1- hasta olunca yataklara düşüp, kendinizce iyileşmeye çalışınca.
2- kilo verince.
3- bir çok bağışıklık sistemi hastalığınız nüksedince.
4- sabahları kahvaltınız kahve ve elmadan öteye gitmeyince.
5- akşam yemekleriniz kahvaltı tadında yemekler ise.
6- anne tabiri ile ev ''bok götürüyor, her yer her yerde'' ise.
7- geceleri sürekli ''anneme uzun ömür ver, o hep yanımda olsun beni ondan önce al'' yalvarışları tekrarlıyor ise.
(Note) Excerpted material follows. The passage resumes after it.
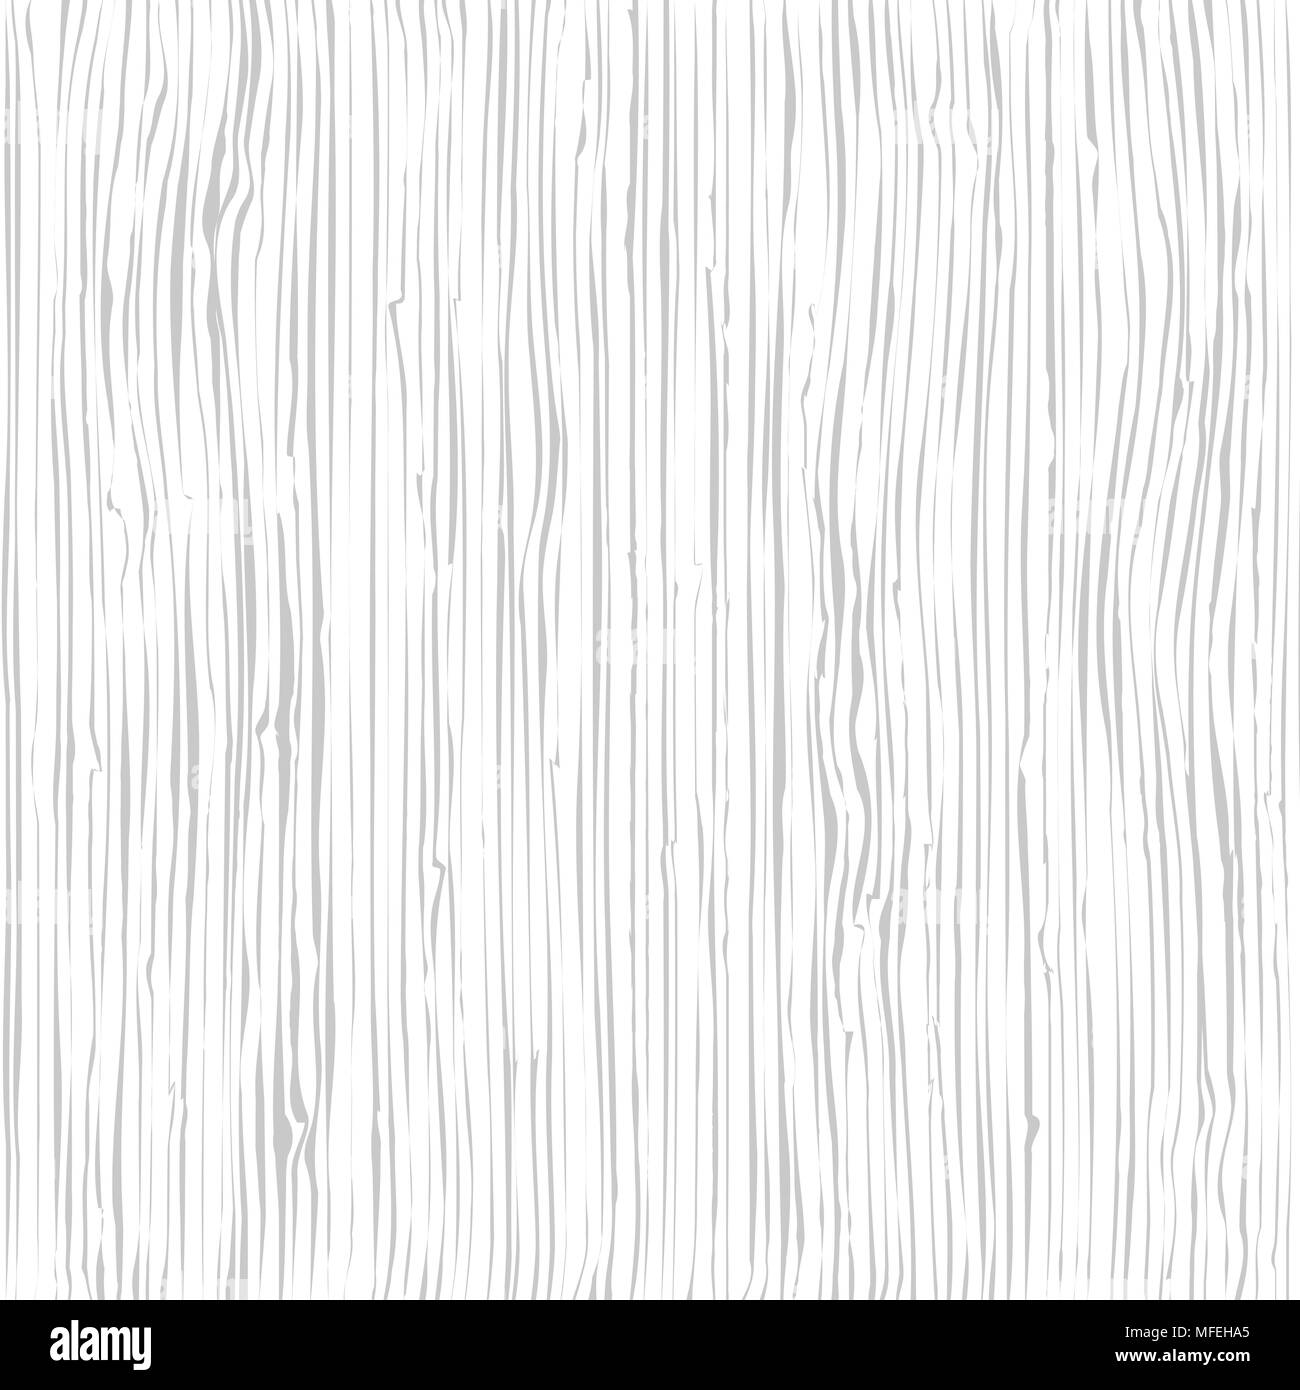 La texture en bois. Wood grain pattern. Arrière-plan de la structure des fibres, vector illustration Illustration de Vecteur

8- uzun tatiller dört gözle bekleniyorsa, anneciğiniz yanınızda değildir.
her sabah kendi başına uyanmak zorunda kalınca, bursada bulgur pilavı adı altında yapılan şeyi her yemek zorunda kalındığında, alışverişe çıkınca, sabah uyanıp hazırlanıp ot gibi dışarı çıkınca(çünkü güle güle diyeniniz bile olmaz), gece yarısı bilgisayarda takılırken, can sıkılınca, mutlu bir anda her zaman akla gelir. ben annemle eğlenirim, ona şaka yaparım, tatlı tatlı kızdırırım onu. birlikte tonlarca ütü yaparız, sinirlerimi o yatıştırır benim. diğer insanlara ne gerek var ki?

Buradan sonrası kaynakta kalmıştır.